101. Papa bakal pulang kan?

694 110 8
                                    

"Xiyeon...apa kau tidak merasa sedikit aneh?"
Yang ditanya menoleh, menatap lawan bicaranya lekat. Rambutnya yang hanya diikat asal sama sekali tidak mengurangi kecantikannya, bahkan Xiyeon masih mengenakan baju tidurnya.
"Jaemin tiba-tiba sakit seperti ini, dia tiba-tiba demam tinggi dan terus bergumam seperti itu. Apa kau tidak merasa ada yang janggal dengan dia?"

"Aku juga.. tidak tau. Rasanya seperti aneh saja, padahal kemarin anak itu benar-benar ceria. Hal yang cukup tidak masuk akal jika dia kemarin begitu ceria dan tadi pagi bisa demam tinggi seperti itu."
Mark menatap cangkir berisi teh yang masih panas diatas meja, demi Tuhan Mark merasa ada yang aneh. Bahkan sejak saat Jaemin sakit waktu itu, dimana dia menangis meminta agar papanya pulang.
Mark terkejut begitu Jaemin berteriak sembari keluar kamar, wajahnya yang pucat pasi dengan rambutnya yang berantakan membuat Mark panik. Apalagi saat Jaemin tiba-tiba hendak keluar dari rumah.

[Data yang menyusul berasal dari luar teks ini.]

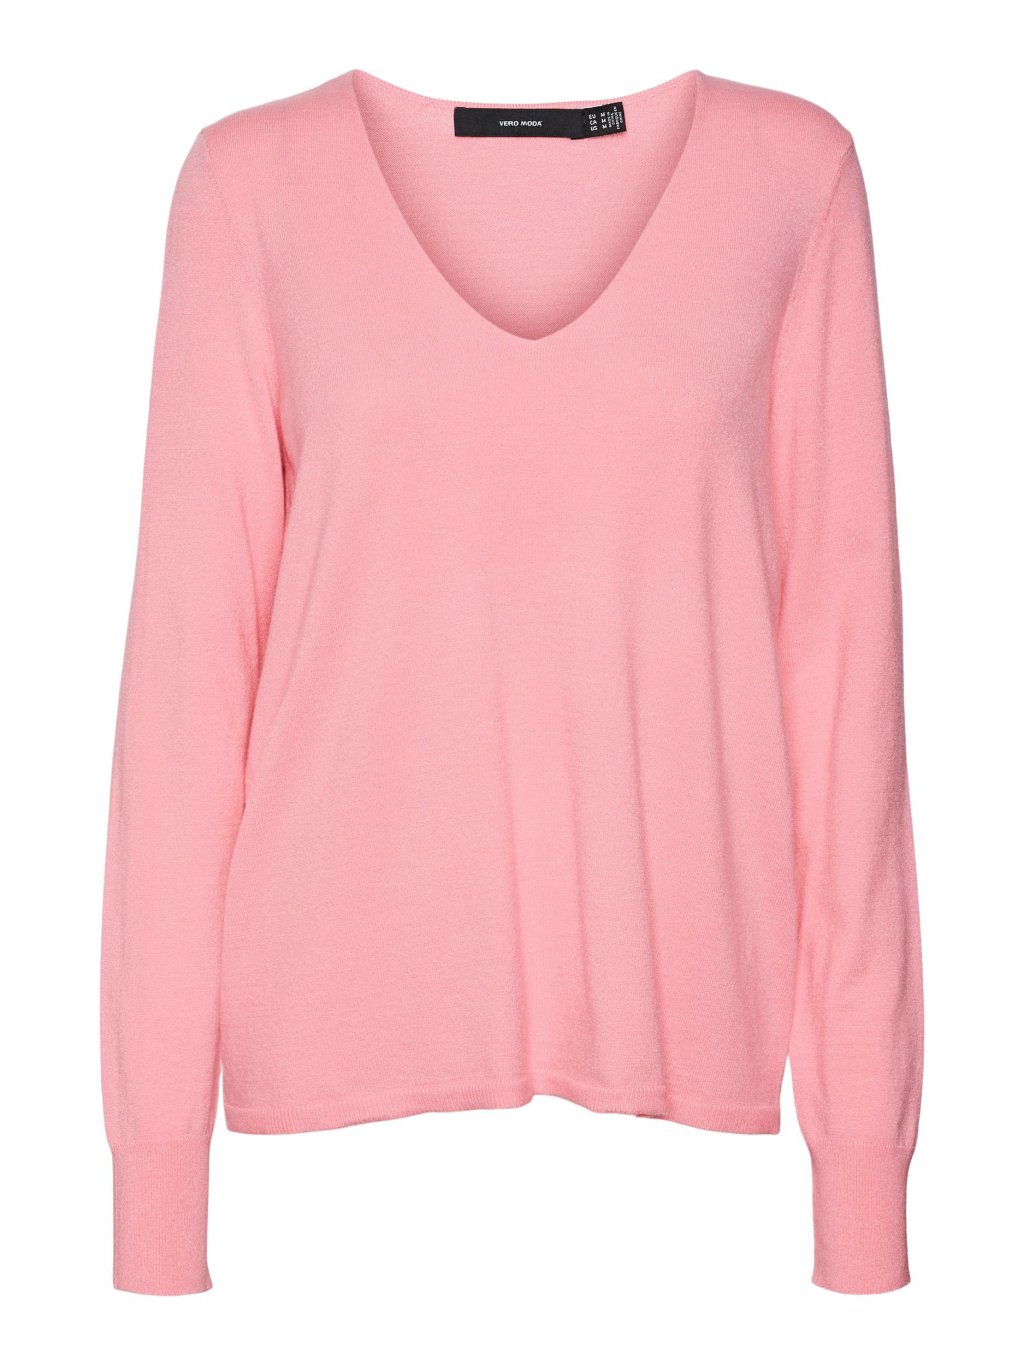 Vero Moda dámský svetr Happiness růžový - STORMfashion

"Jaemin kamu kenapa?! Jaemin denger paman dulu"
Jaemin menatap Mark sayu, bibirnya masih gemetar menahan dinginnya udara walaupun tubuhnya benar-benar panas. "Papa mana? Papa mana?"

"Papa kamu masih kerja, kamu kenapa sih?"

"Kerja kan? Paman gak bohong kan? Papa bakal pulang kan?"Mark mengangguk. Terkejut begitu Jaemin memeluknya erat, nafasnya memburu seperti habis berlari jauh. "Kamu kenapa?"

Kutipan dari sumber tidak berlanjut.